▸ **GIVEN RECORDS**:
+ + +
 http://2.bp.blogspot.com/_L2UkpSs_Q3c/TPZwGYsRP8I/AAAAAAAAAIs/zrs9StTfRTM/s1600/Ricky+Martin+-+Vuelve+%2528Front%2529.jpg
+ + +
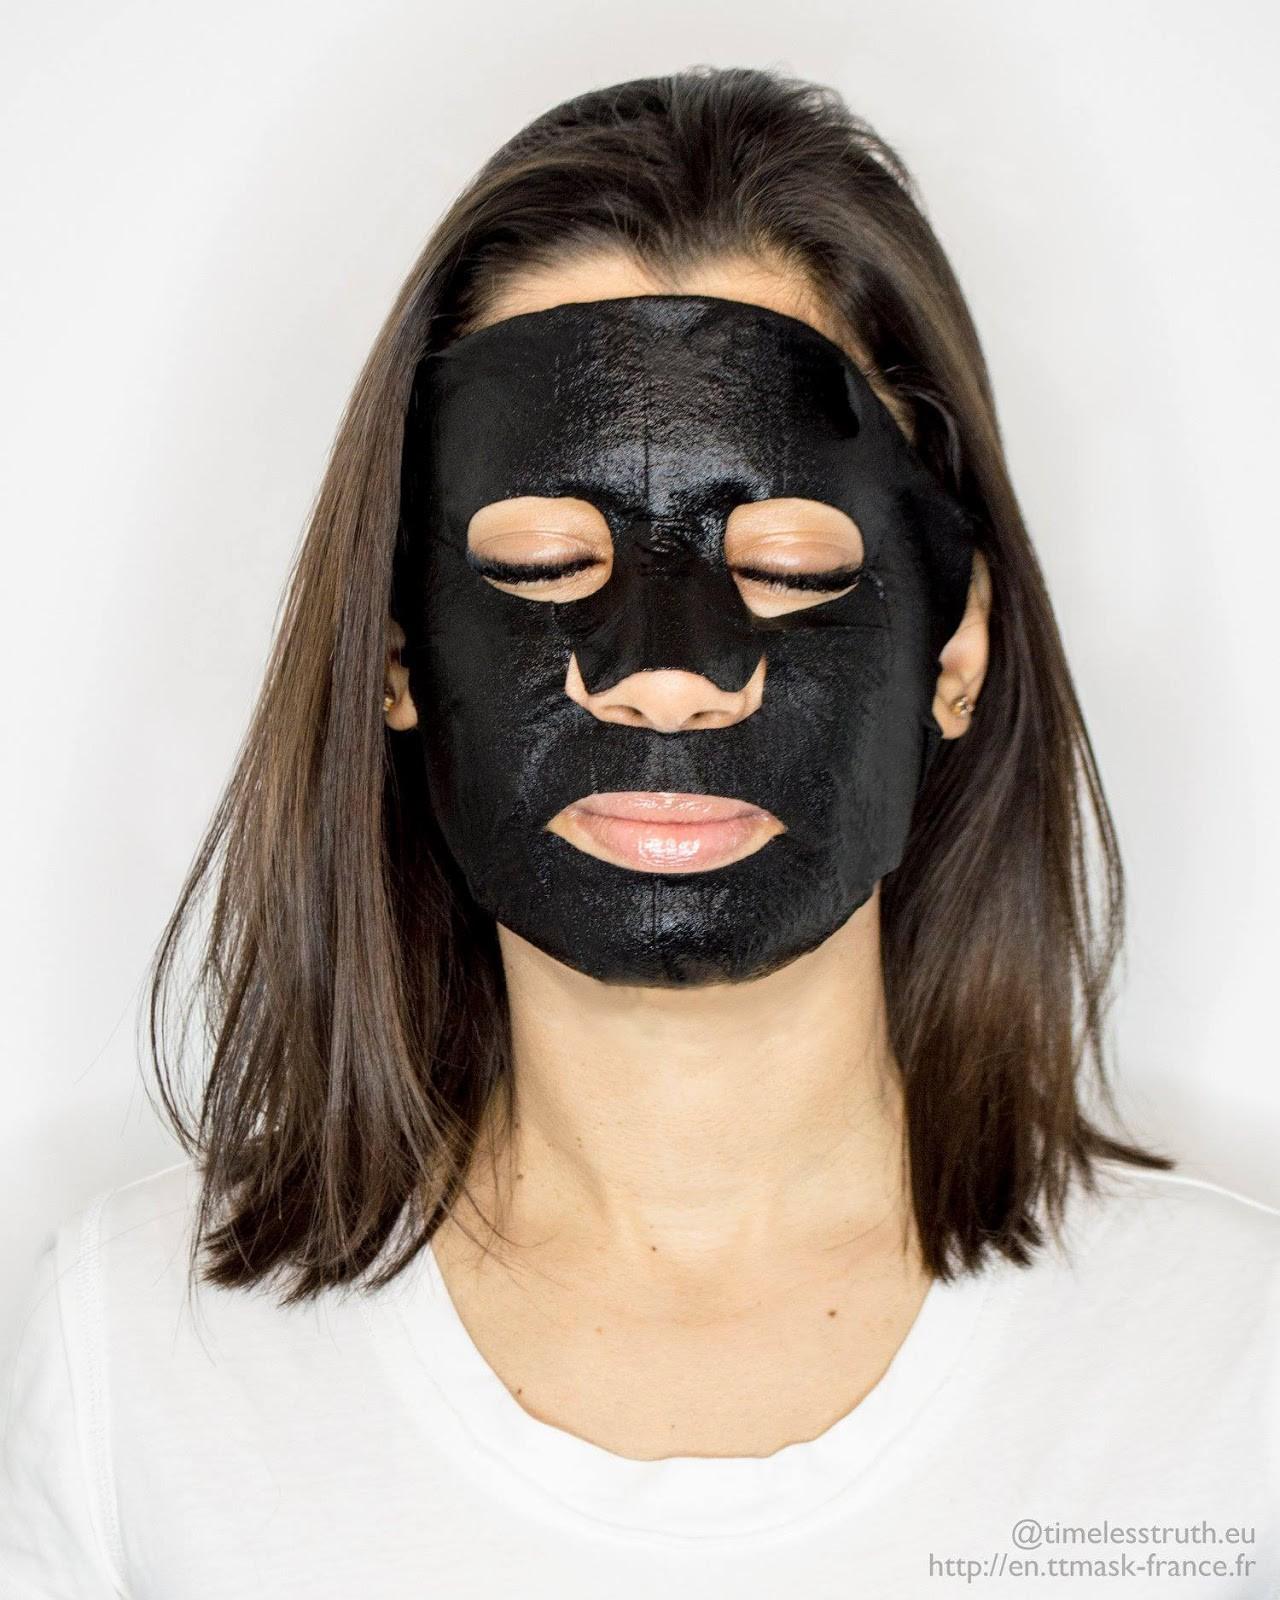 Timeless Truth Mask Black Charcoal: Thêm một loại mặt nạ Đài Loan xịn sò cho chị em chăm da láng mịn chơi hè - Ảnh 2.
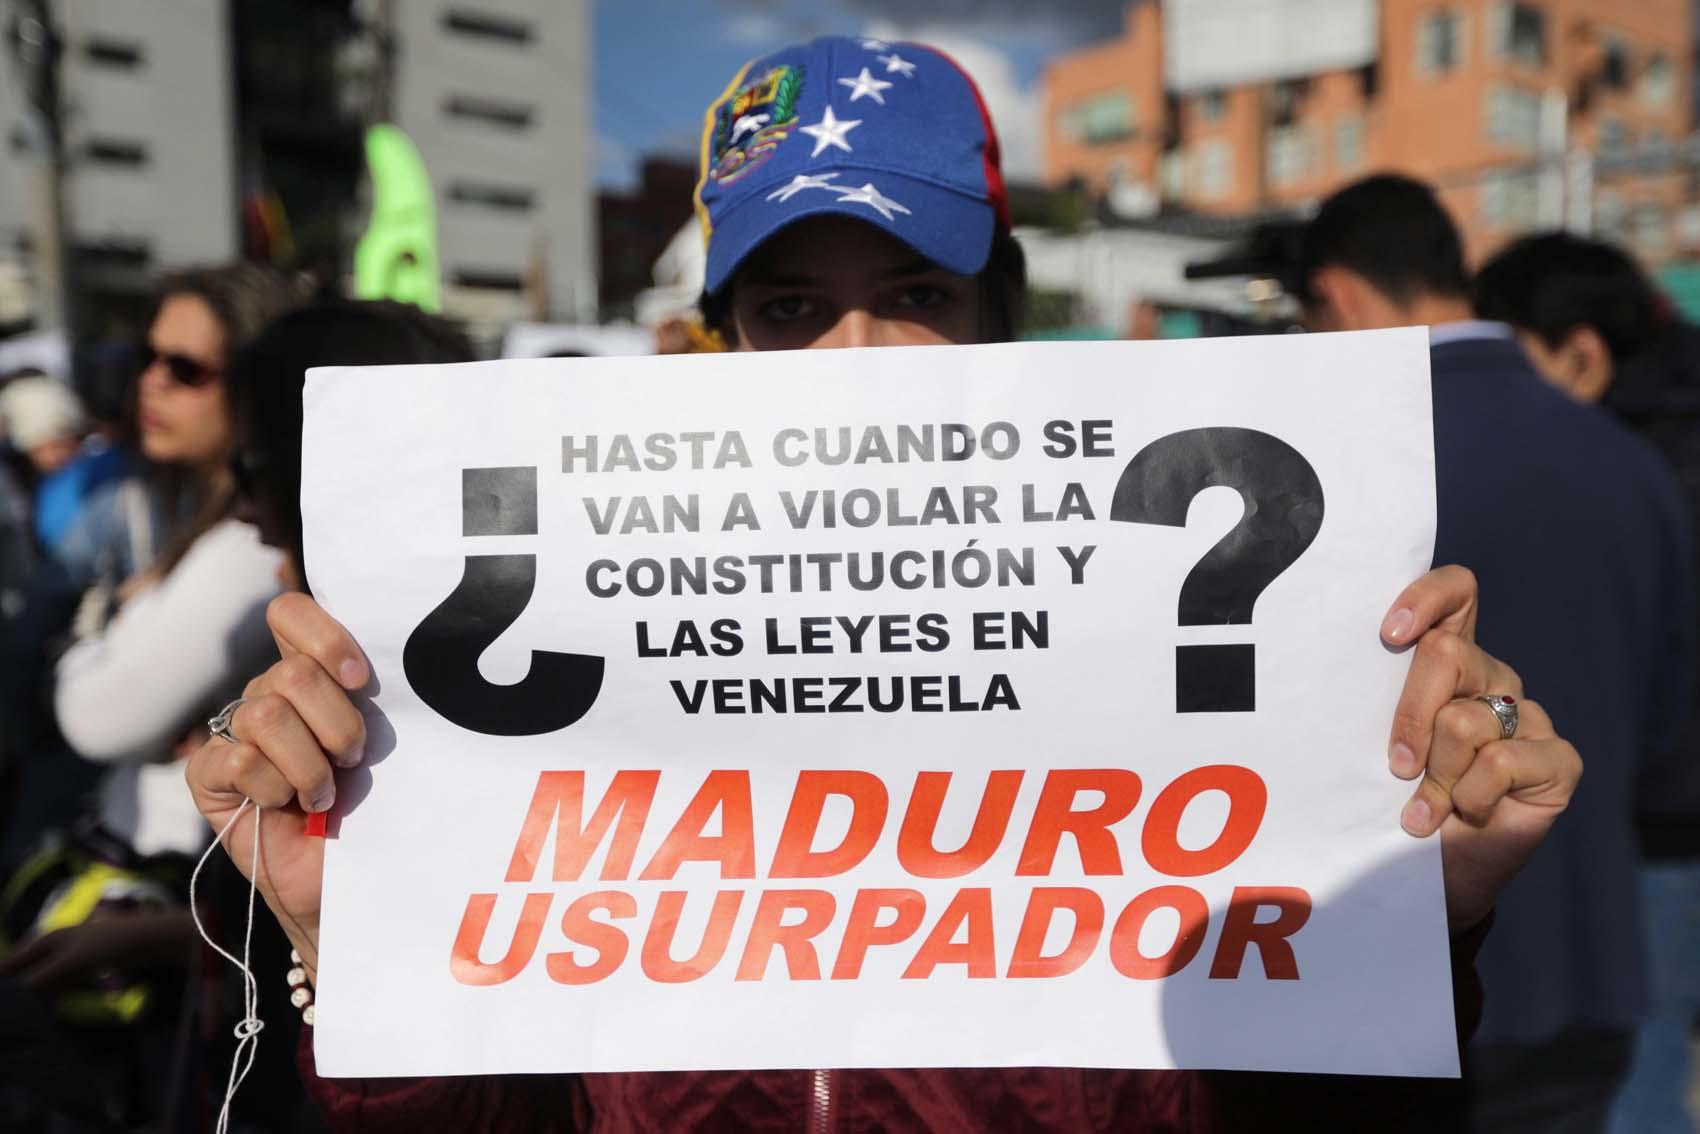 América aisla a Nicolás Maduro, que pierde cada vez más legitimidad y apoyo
+ + +
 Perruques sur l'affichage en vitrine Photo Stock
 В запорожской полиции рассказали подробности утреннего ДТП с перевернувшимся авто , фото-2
+ + +
▸ **EXERCISE PROMPT**: From the entries above, print the lines beginning at the one with "Perruques sur l'affichage" and stopping after the one with "В запорожской полиции", exactly as written and with nothing else.

▸ **REPLY**:
 Perruques sur l'affichage en vitrine Photo Stock
 В запорожской полиции рассказали подробности утреннего ДТП с перевернувшимся авто , фото-2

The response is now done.